Altogether "Multilingual Communication" is a thought provoking and 
stimulating volume that not only indicates the vastness of the field, but 
also offers an in-depth view on diverse aspects of multilingual 
communication. In its complexity it reaches out to a wide target audience 
from the fields of multilingualism, language contact, translation studies, 
pragmatics, and discourse analysis.

Typos
p. 28: "functionally bilingually"
p. 30: "counties" (countries)
p. 70: "written is spoken" (written and spoken)
p. 101: "discourse makers" (discourse markers)
p. 159: "language us" (language use)
p. 160: "targettted"
p. 165: "discrepacy"
p. 179: "Saarbrüken" (Saarbrücken)

REFERENCES

Biber, D. 1988. Variation across speech and writing. Cambridge: UP.

Biber, D. 1995. Cross-linguistic patterns of register and variation: 
diachronic similarities and differences.
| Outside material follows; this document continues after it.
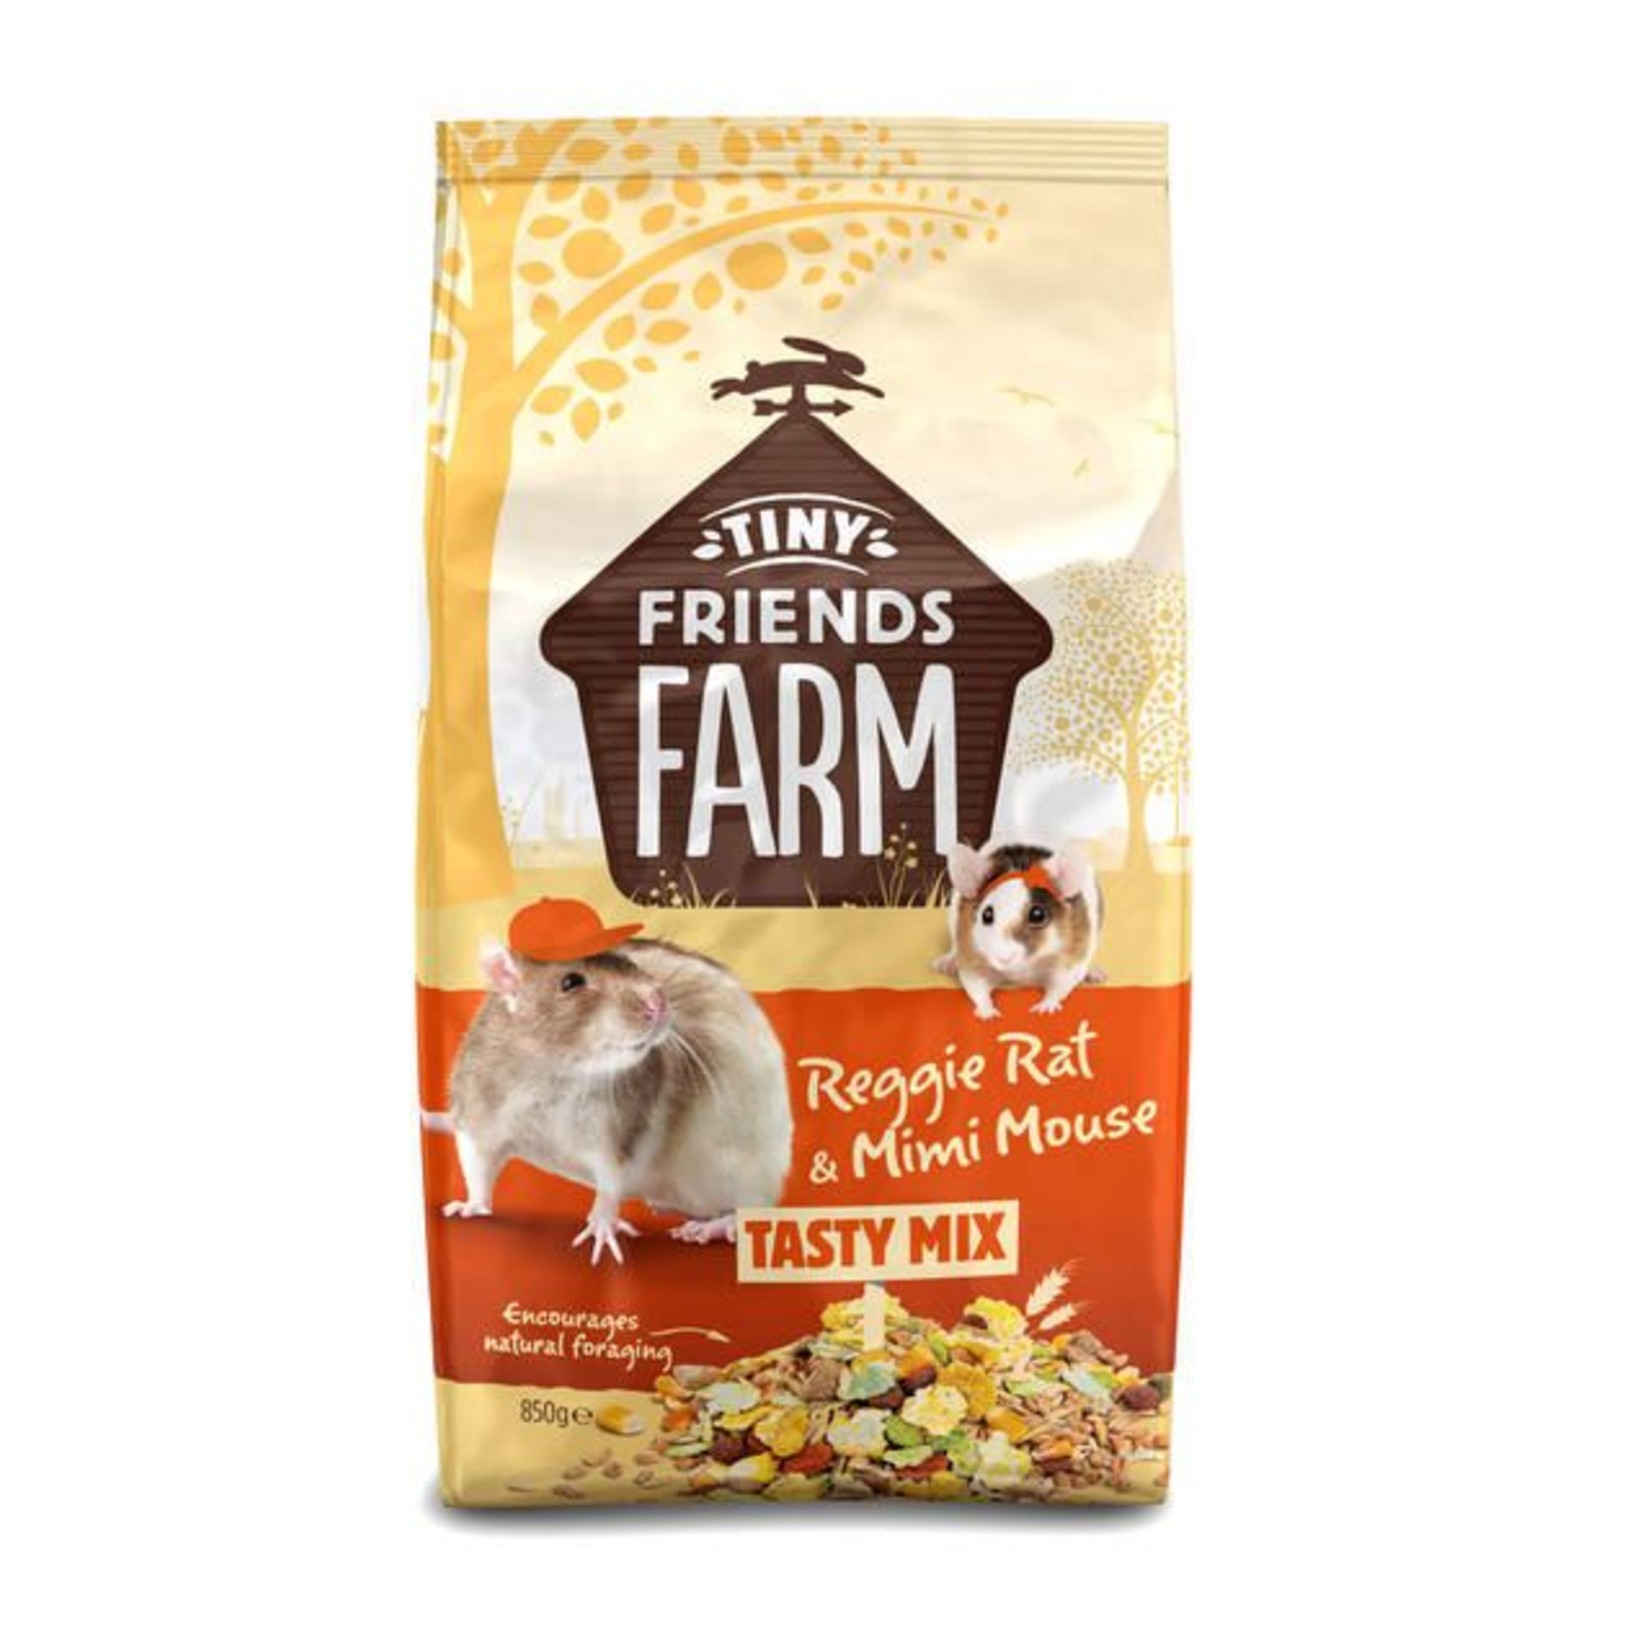 Supreme Tiny Friends Farm Reggie Rat & Mimi Mouse Tasty Mix Food, 850g

In D. Biber (ed.), Dimensions of 
register variation: A Cross-Linguistic Comparison, pp. 280-301, Cambridge: 
UP.

Coupland, N., Wiemann, J. M., and Giles, H.. 1991. Talk as problem and 
communication as miscommunication: an integrative analysis. In N. 
Coupland, H. Giles and J. M. Wiemann (eds.), Miscommunication and 
Problematic Talk, pp. 1-17, Newbury Park: Sage.

Halliday, M. A. K. 1979. Language as social semiotic: the social 
interpretation of language and meaning. London: Arnold.

House, J. 1977. A Model for Translation Quality Assessment. Tübingen: Narr.

House, J. 1997. Translation Quality Assessment. A Model Revisited. 
Tübingen: Narr. 

ABOUT THE REVIEWER

Alexander Onysko is a PhD candidate at Innsbruck University, Austria. His 
research interest is language contact and multilingualism. The topic of 
his dissertation is: "Anglicisms in German: borrowing, lexical 
productivity, and code-switching in a written corpus of 'Der Spiegel'. He 
currently teaches German at Macalester College in St. Paul, MN.